In the warmth of those lights, with the music playing, it didn’t matter.   The wine went down so smoothly, and I could feel the edges of reality start to blur, just a little bit.   I stayed for a few hours more, just reading and sipping wine, while the light jazz played unobtrusively in the background.  The outer edges of the restaurant were dark, and there were fewer cars rumbling outside on the street when I was finally ready to pay my tab and leave.

I exited out into the breezy Toronto night, aware that I’d experienced a genuine pleasure.  One of life’s little such pleasures, it seemed.

  1. contoveros says:

    Life’s little pleasures all exist in the present, when one discovers the joys of the moment. I think most writers learn to enjoy the moment for the rich possibilities that each provide to mine, explore and savor for a possible story, a truth, some meaning hidden until half a glass is carefully nursed and the first hint of inspiration arises.

    Jazz man. Smooth jazz.

    kinda like your voice over the radio here. Easy to listen to. Nice to return to for more.

    michael j


    • I know what you mean (I mean I *really* know what you mean). When my mine stops scurring around like a rat in a maze, I can stop and observe what’s going on, and that’s when the soaking up of atmosphere can happen.

      Your words take me back to that old comedy show WKRP in Cincinatti, when Venus is on the air, with his smooth voice and mellow sounds.

      By the way, this has become a kind of ritual or habit for me – dropping into that bar late at night, just to relax, read and drink. Not every night of course, but regularly for sure.

      I was thinking: any time you want to pay a visit to Toronto, please let me know. I’ll spot you a glass of wine or a beer if that’s your poison. :)


  2. Loree says:

    That sounds like a damnstraight perfect evening from here. I’m with her – I read a ton of books and am RESISTING RESISTING RESISTING. I do so like the way books feel and act. :))


    • Yes, you both have a good point when it comes to books with pages and spines. This ebook is growing on me though: I don’t have to plan a trip to the bookstore when I’m running low. Just have to go to my online bookstore, make a purchase and the material’s in my hands within a few seconds.

      Instant gratification.


  3. Loree says:

    wow, That’s the scariest smiley face in the history of the planet.


  4. contoveros says:

    Red wine. From a jug, not the expensive kind.



    • Sounds good but…I get headaches really easy with red wine. Which is really too bad.
      White wine – Chardonnay actually – seems to work well, even better than beer.

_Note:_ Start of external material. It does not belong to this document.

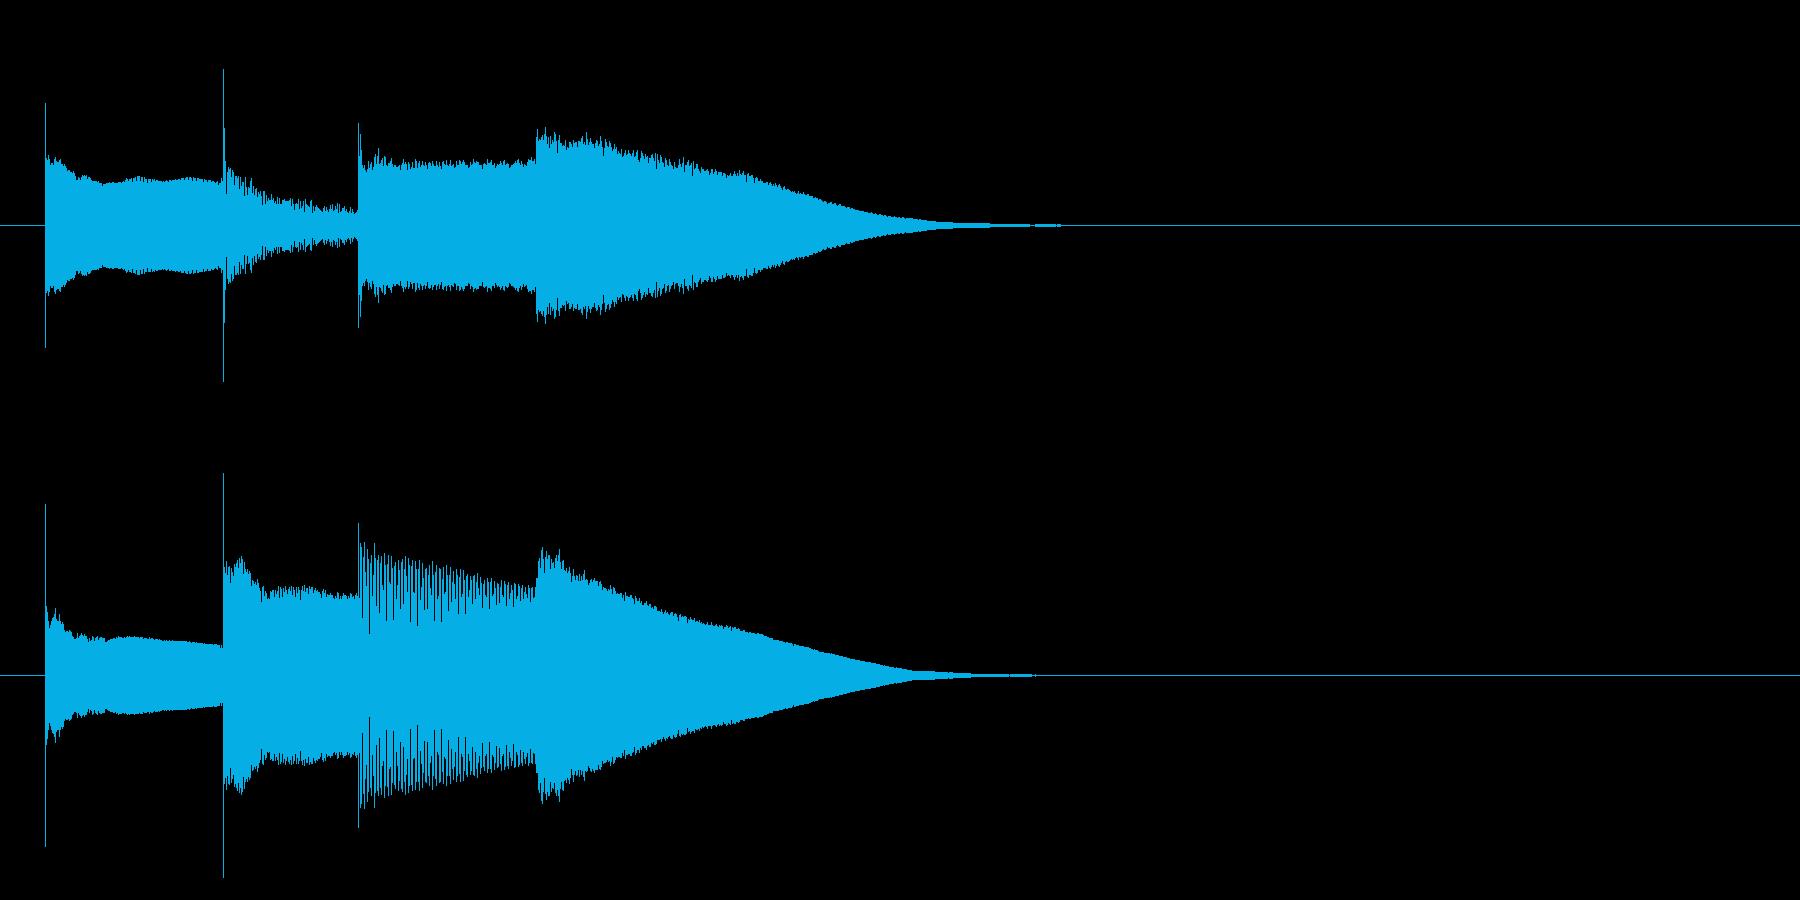 グロッケン系 決定音15(大)の再生済みの波形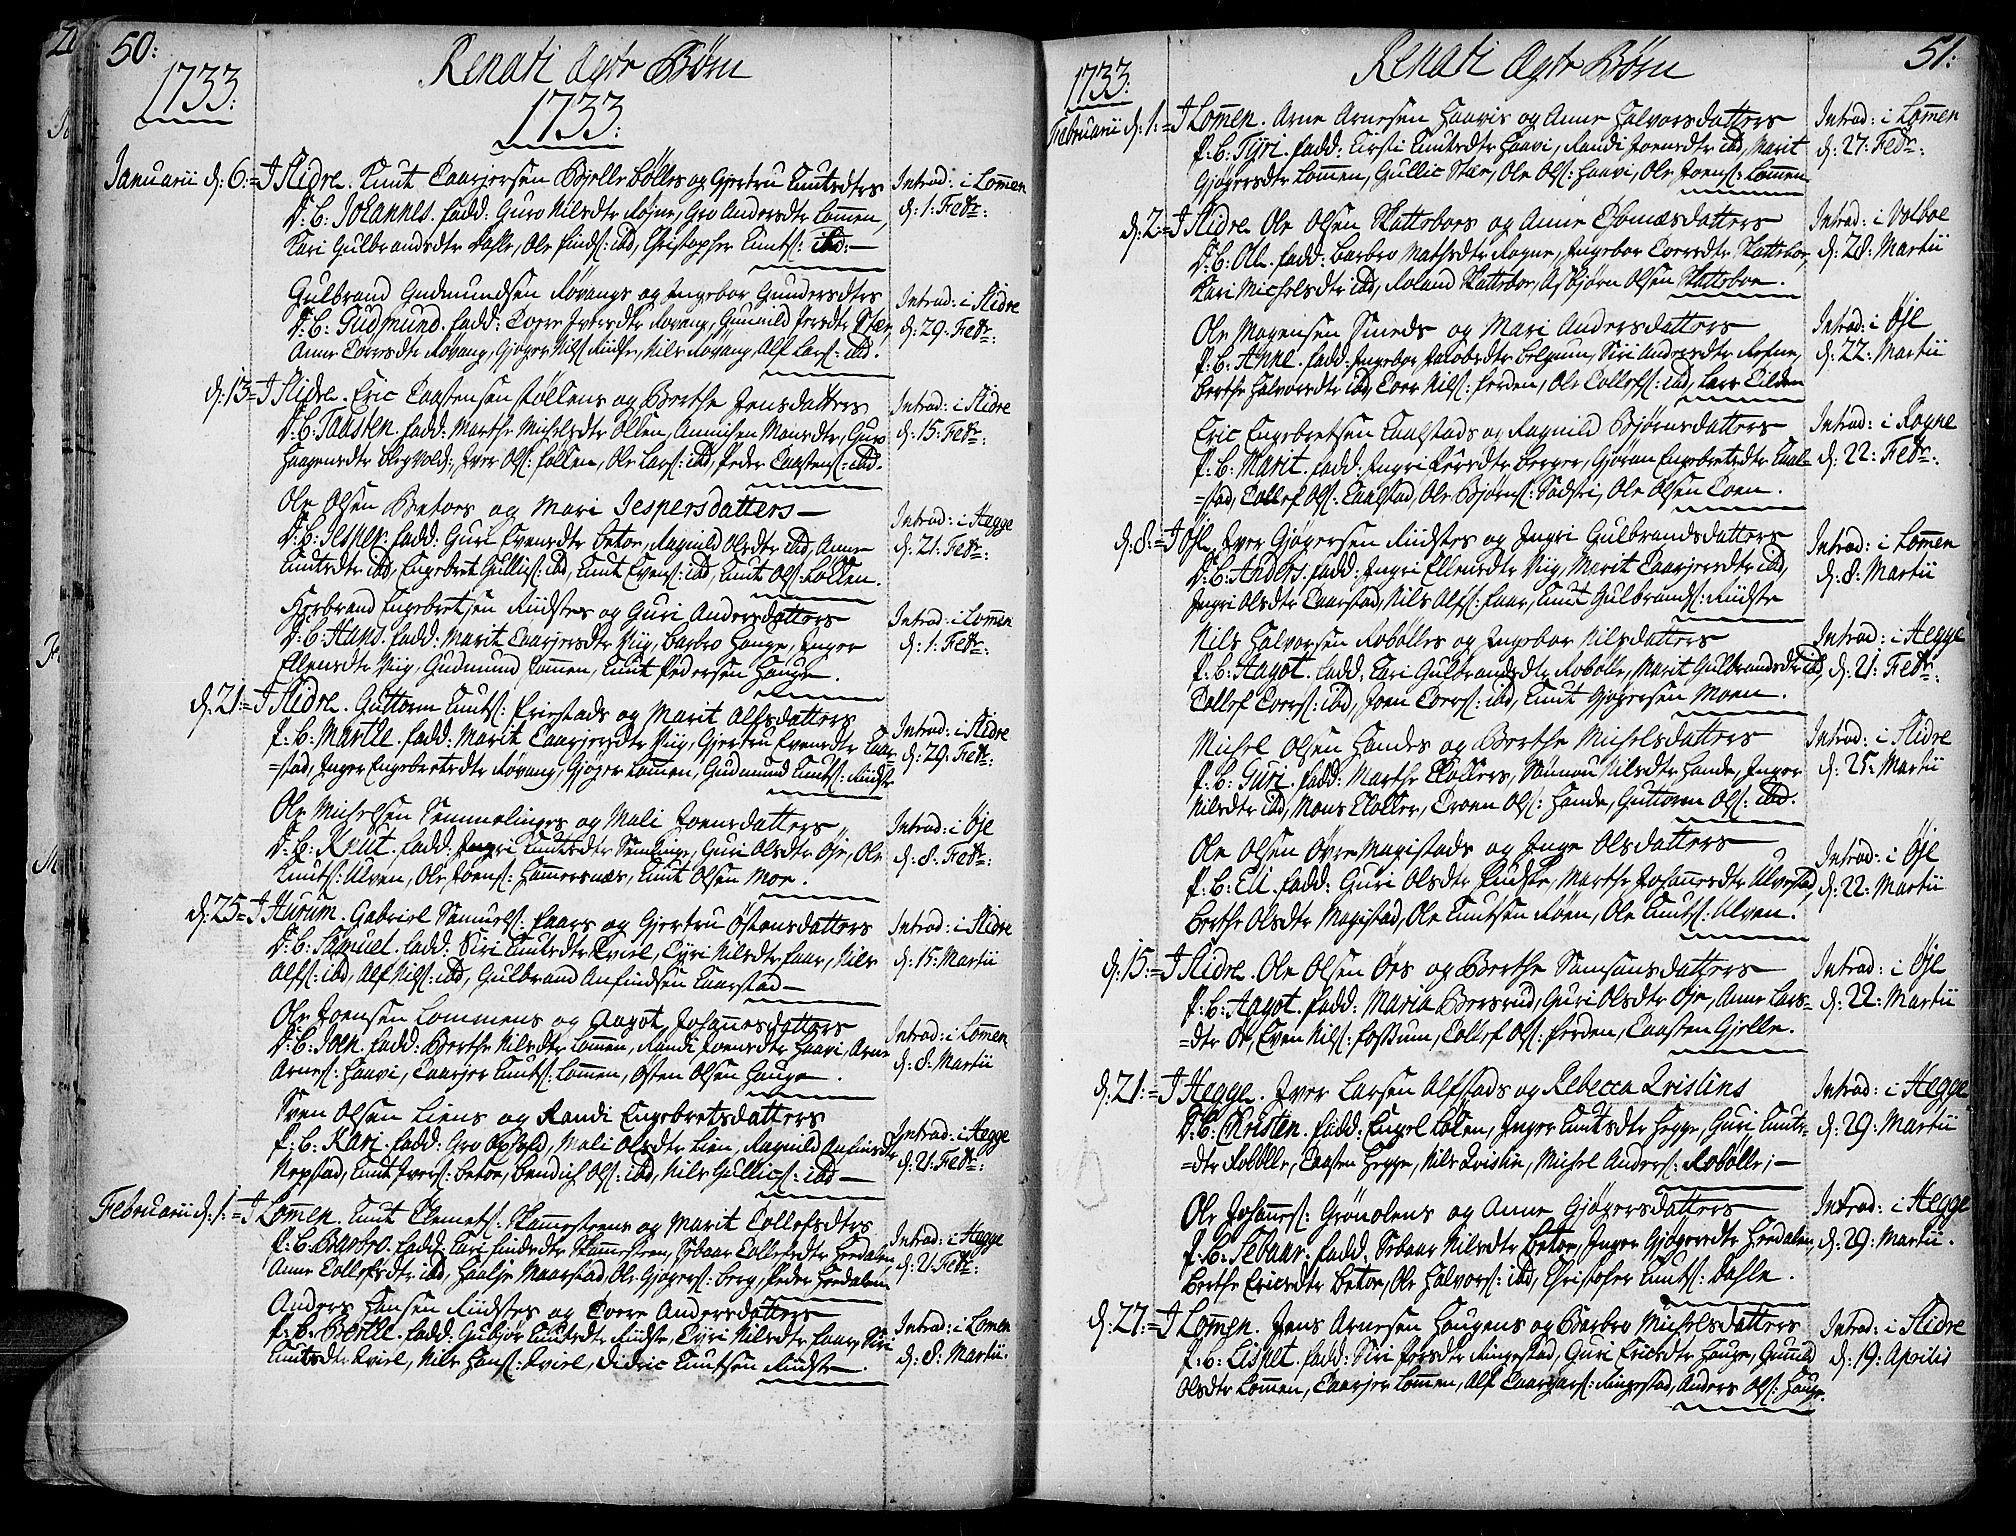 SAH, Slidre prestekontor, Ministerialbok nr. 1, 1724-1814, s. 50-51

      Oh wait – you meant what to serve you when you come to Toronto. Right. Making notes now. :)


  5. wordofabe says:

    I read this while riding my motorcycle through the redwoods of the Northern California coast. I had been thinking of how I wanted to write a blog about “moments”. You know, when everything aligns and it is just so… Then I read your post and saw that you were writing about this very thing! Well…I’m still gonna write it. :)

    Excellent capture of the essence of a nice evening.


    • You’re a scary dude, if you’re reading blogs while riding your motorcycle. :)

      Moments are a little more difficult to write for me. I like interaction and action. Which I suppose is a good enough reason to tackle the moments instead. Got to hone those skills somehow, r ight?


  6. Momma Fargo says:

    Awesome! We don’t have any “jazzy” bars…have to impersonate it at home with music and wine…it’s not the same is it?


    • Heh. I’ve tried it and can you tell you that no – it is definitely not the same.

      For one thing – at the jazzy bar, someone else picks out the music. :) And they serve you your wine when you’re getting low.


  7. Nadia Chyme says:

    Hmmm.. kinda sweet. Honey. Jazz. Reading. Wine. What more could you ask for? Kind of a perfect simple night… thanks for the idea. Sounds perfect!